Public health experts often say that prevention is cheaper and more effective than treatment, and nowhere is this truer than in winter. Hospitals across Nepal face an annual surge in patients with respiratory and heart problems once the cold sets in. But many of these cases could be reduced through better public awareness, targeted vaccination drives, and timely access to care. If winter preparedness were treated as seriously as monsoon preparedness, thousands of illnesses could be avoided every year.

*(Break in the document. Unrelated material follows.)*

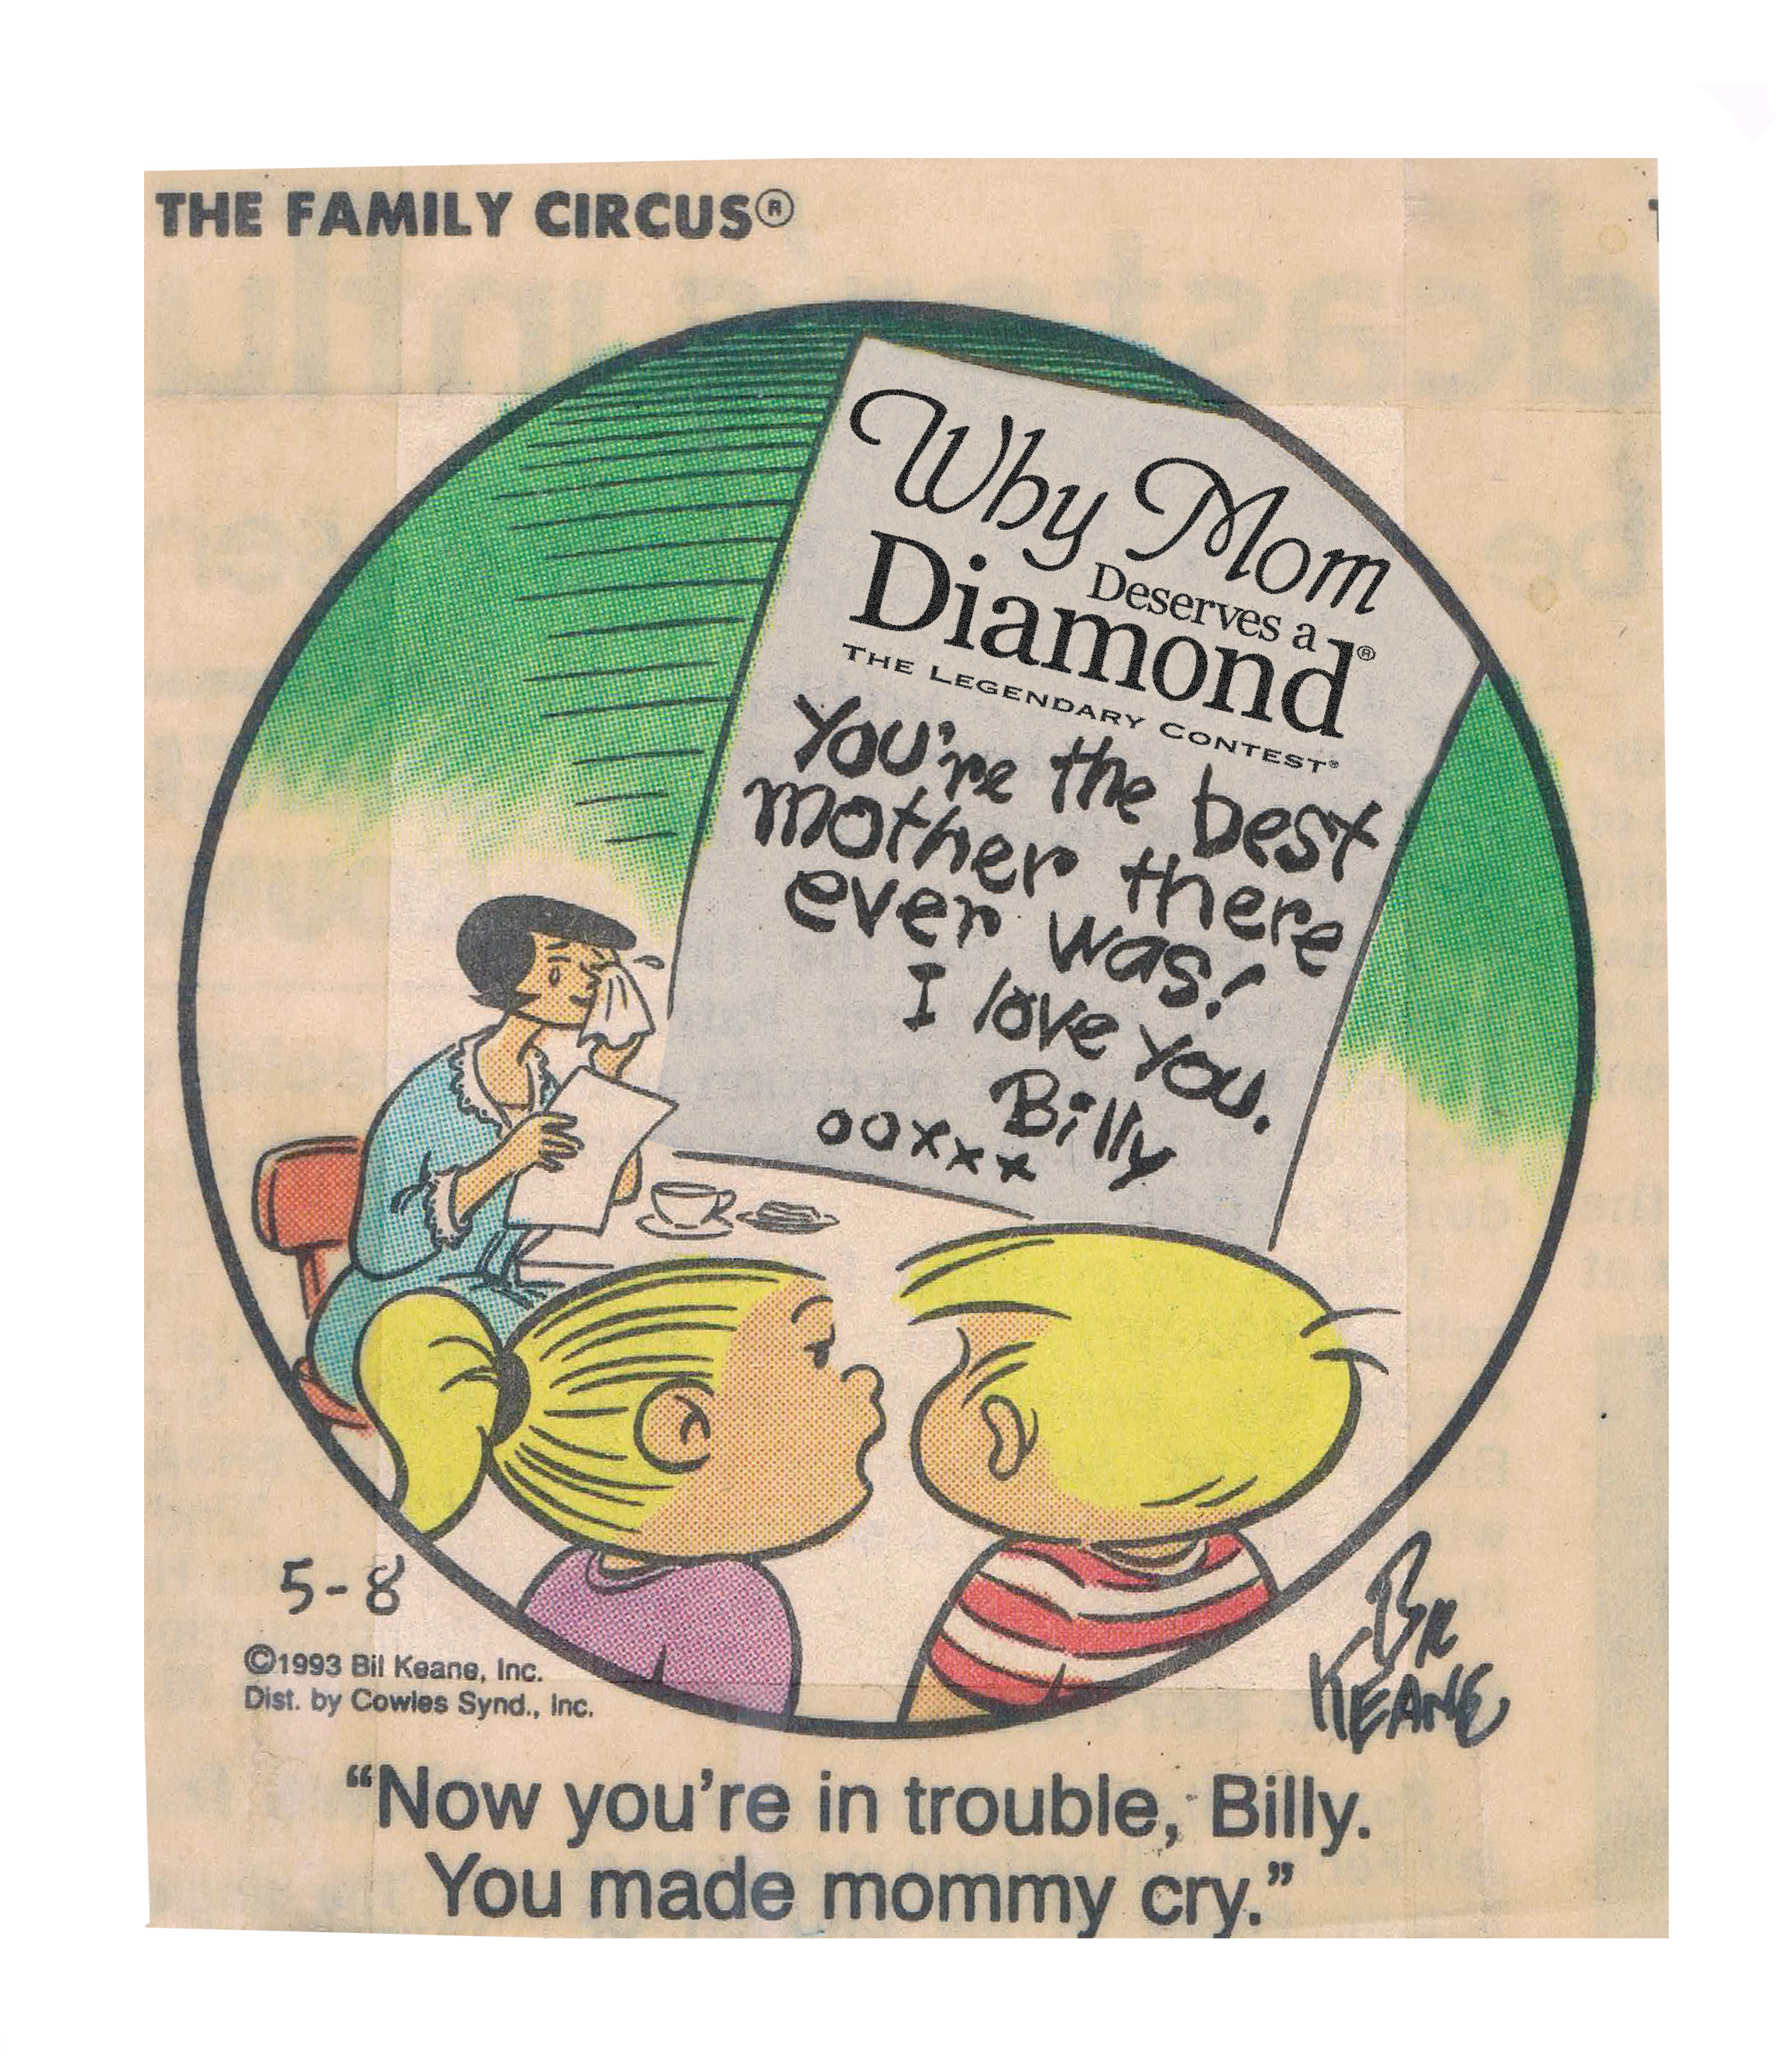 comic, family circus, diamond mike, Gallery of diamonds, newport beach, 92660, why mom deserves a diamond

Winter has always been part of Nepal’s identity. It brings beauty, stillness, and togetherness. But it also exposes the deep cracks in our health systems and habits. For too long, we have seen it as a season to endure rather than a challenge to prepare for. The truth is simple: the cold itself is not our enemy—our inaction is. The illnesses that accompany winter are not accidents of nature but results of choices, traditions, and a lack of awareness that can be changed.

“The Winter We Don’t Prepare For” should not remain just a phrase; it should become a reminder. Preparing for winter means more than finding warmth—it means protecting lungs from smoke, shielding hearts from strain, and ensuring that no child, elder, or worker suffers from something that could have been prevented. When we start seeing winter not only as a season of cold but as a season of care, Nepal can turn its most challenging months into a time of resilience and renewal. Because when the temperature drops, what truly keeps us warm is not just fire—it’s awareness, preparation, and compassion.